Freed US journalist says he was tortured in Myanmar

·3-min read
 In this 26 March 2021 file photo  anti-coup protesters gesture during a march in Yangon, Myanmar. An American journalist was recently released after spending more than three months inside a notorious Myanmar prison (Copyright 2021 The Associated Press. All rights reserved)
In this 26 March 2021 file photo anti-coup protesters gesture during a march in Yangon, Myanmar. An American journalist was recently released after spending more than three months inside a notorious Myanmar prison (Copyright 2021 The Associated Press. All rights reserved)

An American journalist who was recently released after spending more than three months inside a notorious Myanmar prison, has said he was interrogated and tortured in custody along with many other detainees.

Nathan Maung, the 44-year-old editor of Kamayut Media, was detained on 9 March by the junta in a raid.

“I was punched and slapped several times. No matter what I said, they just beat me. They used both their hands to slap my eardrums many times. They punched my cheekbones on both sides. They punched my shoulders. I was not allowed to stand up. My legs were swollen. I could not move anymore,” Mr Maung, who was released and deported to US on 15 June, told Reuters.

He spent two weeks in a military-run interrogation centre in Yangon, according to CNN Business. Speaking to the media outlet from Washington, DC, Mr Maung said he feared he would be killed by the soldiers in detention and that his time at the facility was “hell.”

The editor expressed concerns for his colleague Hanthar Nyein, a Myanmar national at the Insein prison where political detainees are kept. “We’ve been through the hell together. So, we should be released together,” Maung told CNN Business. “I really want him to know that we are not forgetting him. He’s not alone,” he added.

Another American journalist — Danny Fenster — is being held at the same prison after being detained as he was trying to leave the country, according to reports.

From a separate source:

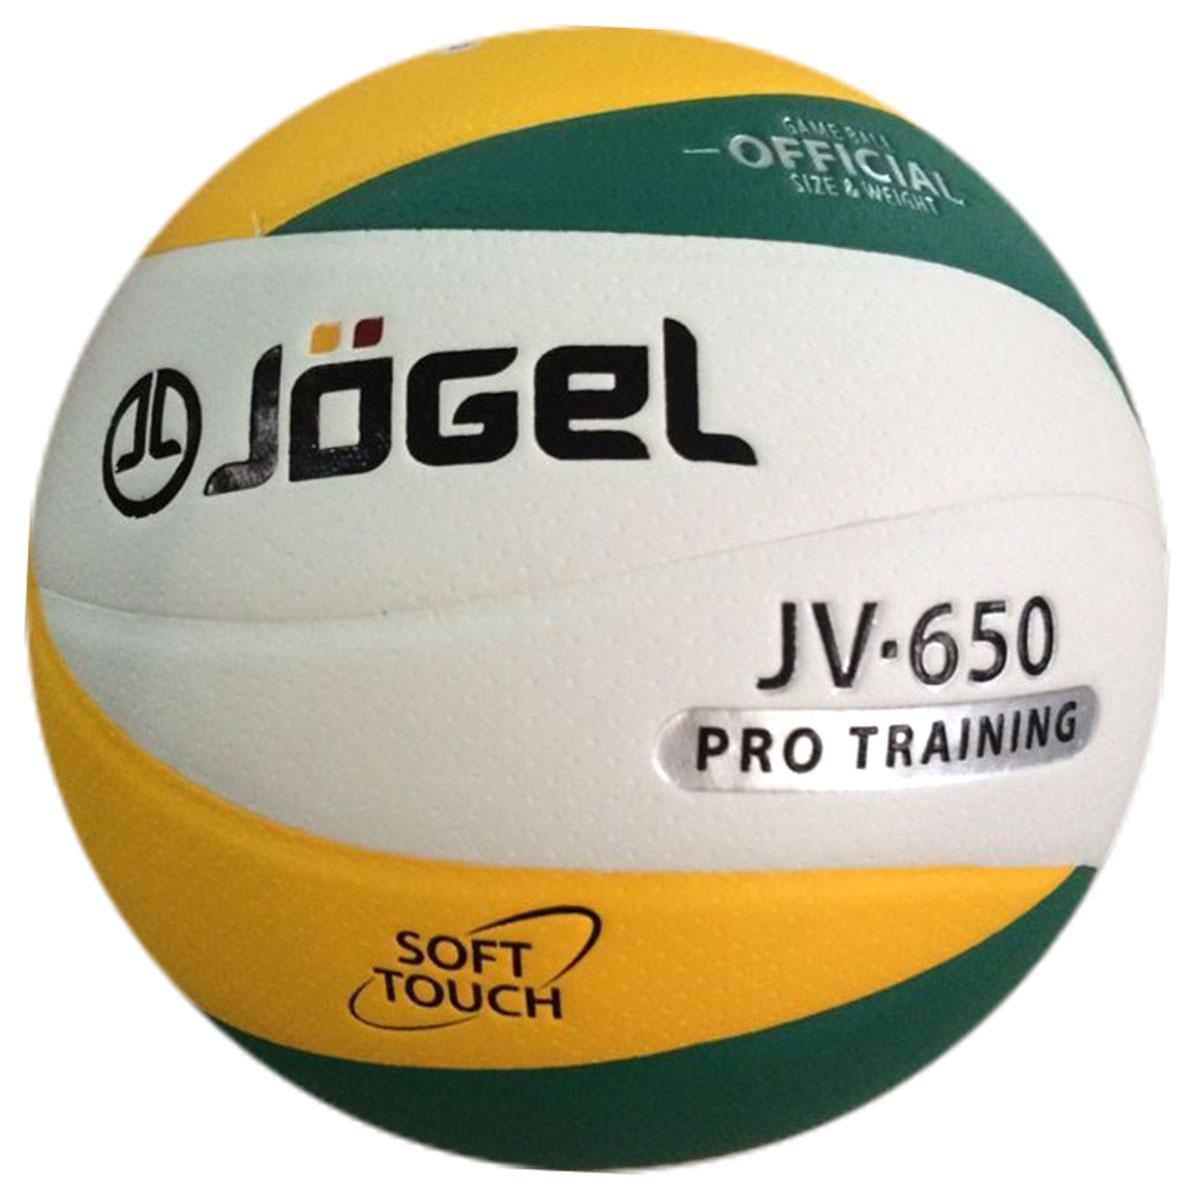 Мяч волейбольный Jogel, цвет: зеленый, желтый. Размер 5. JV-650120330_white/redКлееный волейбольный мяч Jogel предназначен для профессиональных тренировок. Покрышка мяча выполнена из мягкой высококачественнойсинтетической кожи (полиуретан). Его поверхность обработана по технологии Dimple - микроуглубления на поверхности мяча, обеспечивающиеболее лучший контроль, т.е. мяч меньше скользит. Мяч состоит из 12 панелей и бутиловой камеры, также армирован подкладочным слоем, выполненным из ткани. Волейбольный мяч Jogel JV-650 рекомендован для тренировок команд среднего и высокого уровня, а также соревнований любительских и среднихкоманд.Вес: 260-280 гр.Длина окружности: 65-67 см. Рекомендованное давление: 0.29-0.32 бар.УВАЖАЕМЫЕ КЛИЕНТЫ! Обращаем ваше внимание на тот факт, что мяч поставляется в сдутом виде. Насос в комплект не входит.

The 37-year-old managing editor of Frontier Myanmar was detained at the Yangon International Airport on 25 May when he was about to board a flight to Kuala Lumpur.

Frontier Myanmar said in a statement on its website that Mr Fenster was remanded to Insein Prison for two weeks following a brief hearing and is scheduled to appear again in court on July 1. “No reason was given for the filing of the charge against him,” it said.

“Nevertheless, we know that Danny has done nothing to warrant this 505a charge. We condemn his detention and demand his immediate and unconditional release.”

Myanmar’s military seized power in a coup in February 2021 from a democratically-elected government claiming widespread voter fraud, even though the country’s election commission found no proof of irregularities. Activists say more than 800 people have been killed by Myanmar’s military forces in violent protests against the military junta.

Mr Maung spoke about brutal torture of other prisoners with Reuters. “Some people experienced worse torture than us. There was someone together with me in a room for two days. His body was covered in bruises and injuries. They put his handcuffed hands on the table and beat his hand. The bones were not broken, but he was badly injured and his skin was ripped off,” he claimed.

He also claimed that he was not allowed to sleep for three or four days during his interrogation. He told CNN Business he was denied water but his colleague had it worse. He was made to kneel and his skin was burnt with cigarettes, Mr Maung said.

The military has not yet responded to a request for comment by CNN Business.

Human Rights Watch last week flagged arbitrary detention of thousands of people and “torture routine beatings, and other ill-treatment since the February 1, 2021 military coup.”

“Myanmar’s military and police often hold detainees in custody for extended periods, in overcrowded and unhygienic interrogation centres and prisons. Those detained are frequently kept incommunicado, unable to contact relatives or legal counsel,” the human rights group noted.

“Since the coup on February 1, Myanmar’s authorities have been using torture without fear of repercussions,” said Myanmar researcher at Human Rights Watch Manny Maung, who is no relation to Mr Maung. HRW wrote about a 17-year-old boy who was allegedly beaten for days while blindfolded and buried up to his neck in a mock burial.